Journal by RyoShin on Monday September 17, 2007 @01:54AM

Like many on the internet, including other /. members, I am a user of StumbleUpon. For those who don't know what StumbleUpon is, the short and simple is that it is a gateway to the internet at large. It's great for lazy afternoons when you just want to find new webpages. You set some preferences, some content filters, and boom, you're off. It covers topics from architecture to zoology, and most everything in between. A great way to read new and interesting scientific discoveries or watch sleeping cats fall off of whatever shelf they happen to be sleeping on. Or both, if that's your thing. But not at the same time.

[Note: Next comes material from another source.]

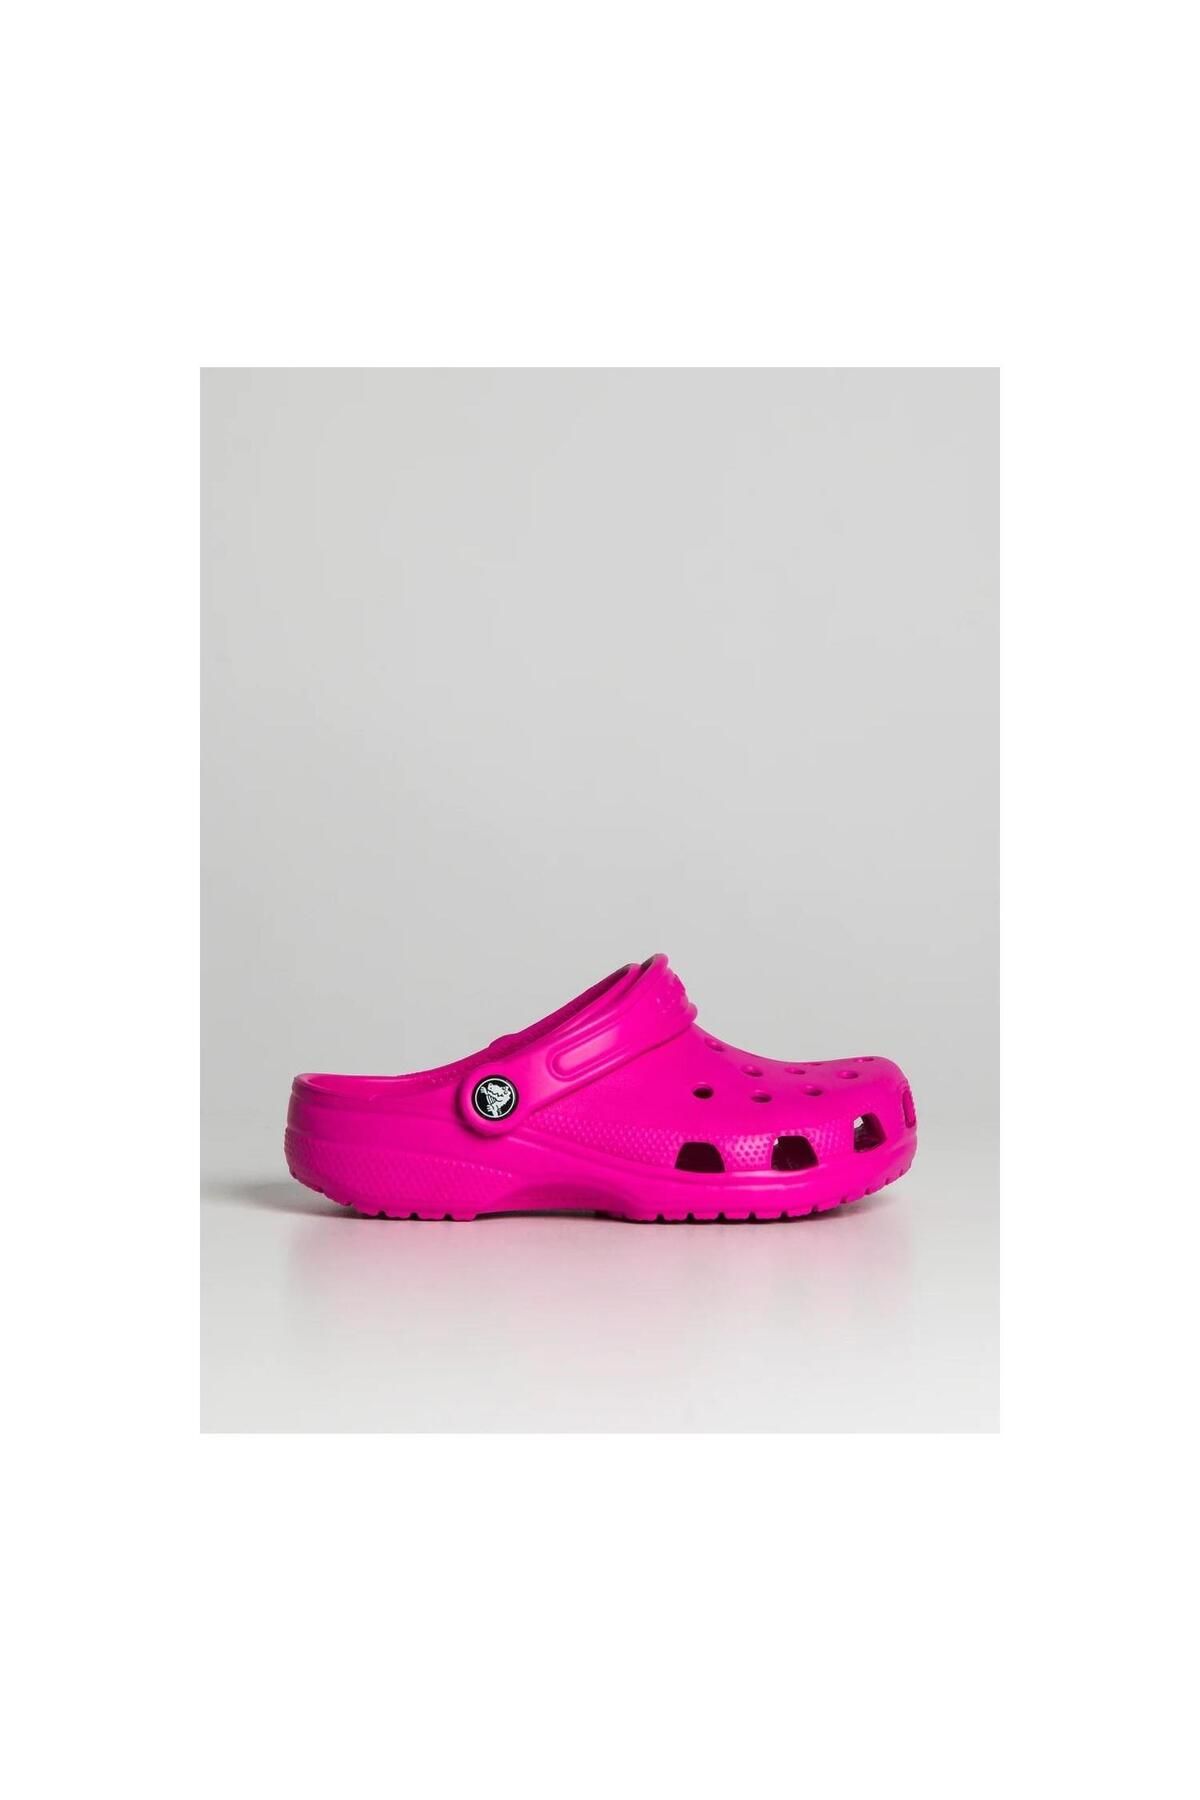 Crocs Classic Clog   Spor Sandalet
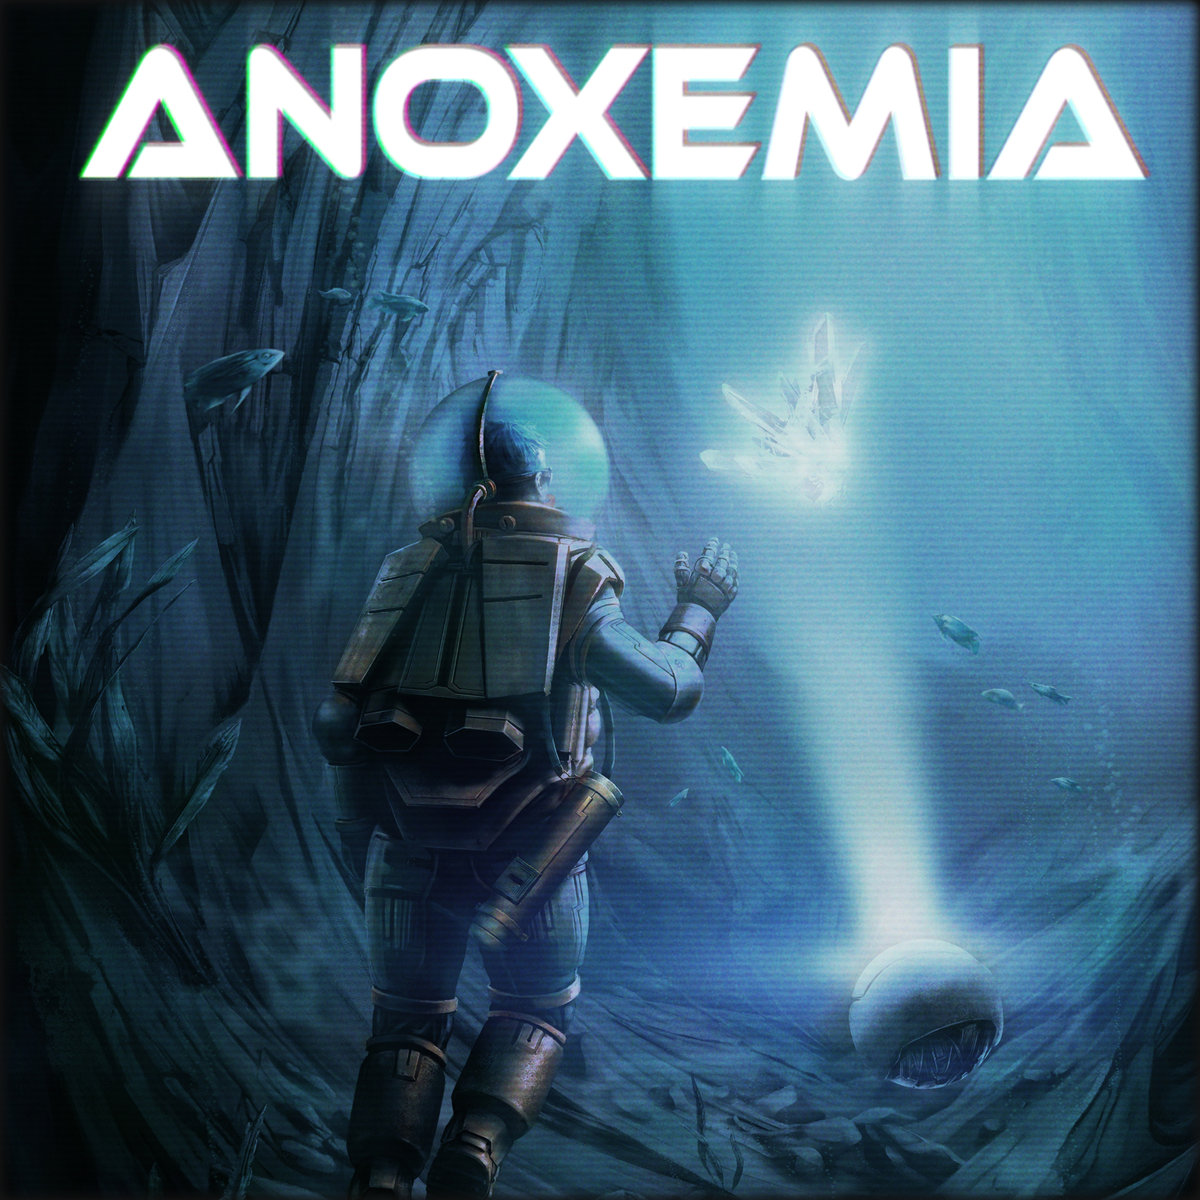 Anoxemia digitaal verkrijgbaar vanaf nu!

However, StumbleUpon reveals one of the larger annoyances of the internet: data redundancy. Site after site, blog after blog will host the same content (usually video or pictures, but it can even be word-for-word text), meaning that you'll wind up Stumbling Upon it time and again- and it really gets grating after you see the eighteenth LOLcat collection. To my knowledge, SU has no way to deal with this. You can rate things up or down and perhaps have less of a chance of seeing them, but that's not always the case.

To this end, I feel that StumbleUpon would do well to introduce two new features: StumbleOn and StumbleOver. Both features would be user preferences. You could choose to StumbleOn, StumbleOver, both, or neither (seeing the internet in a pure, unadultered form).

StumbleOn is a feature that would reference all citing pages to the main page or site that the citing pages talk about. This is the harder of the two features to implement. The idea is that instead of stumbling upon a page that is either a rehash or just a quick blog entry about another page (usually done for ad hits), you would instead be redirected to (or On) the original page. Slashdot will see things like this- a summary for an article will contain a link to a blog that contains a link to the actual article. StumbleOn would cut out the blog entry, giving focus where it is rightly due: the original authors.

As stated, this is harder to do. Some things see circulation for so long that pinpointing the "original" is tedious (assuming it still exists). Then there are sites that jump up simultaneously, such as the smattering of lolcat sites that appeared within a few days/weeks of each other. Content can give some help. For instance, if a blog entry directly links to the original, you know you can StumbleOn to that original. Perhaps the video being shown lists a URL to use; failing that, you could StumbleOn to where it's hosted on Youtube/MediaCafe/whatever.

Part of the problem here is ballot stuffing. Someone might get a bunch of friends/paid hacks to all say that that person's site is the "original", though it would clearly be just a lame blog entry for ad hits. But, as with most systems like this, it can be overcome with other user adjustments. Then there's the risk that a blog entry that is actually useful, like dissecting a video or giving further insights, gets marked as StumbleOn. A second level might be introduced for these, but that would start making this very complex.

StumbleOver is likely easier to implement, and, in my opinion, far more useful of the two. In the case of StumbleOver, you don't care what the original site is. You only know that you've seen it before and, even if you liked it, don't want to see it again from another site. Whereas StumbleOn would be pictorially represented as a tree, with one main site (the "root" site) being lead to from many others, StumbleOver would be seen as a nice, round circle. By seeing one part of the circle you've seen them all, so you don't need to see them again. This would lead to a lot less repetitiveness in your stumbles.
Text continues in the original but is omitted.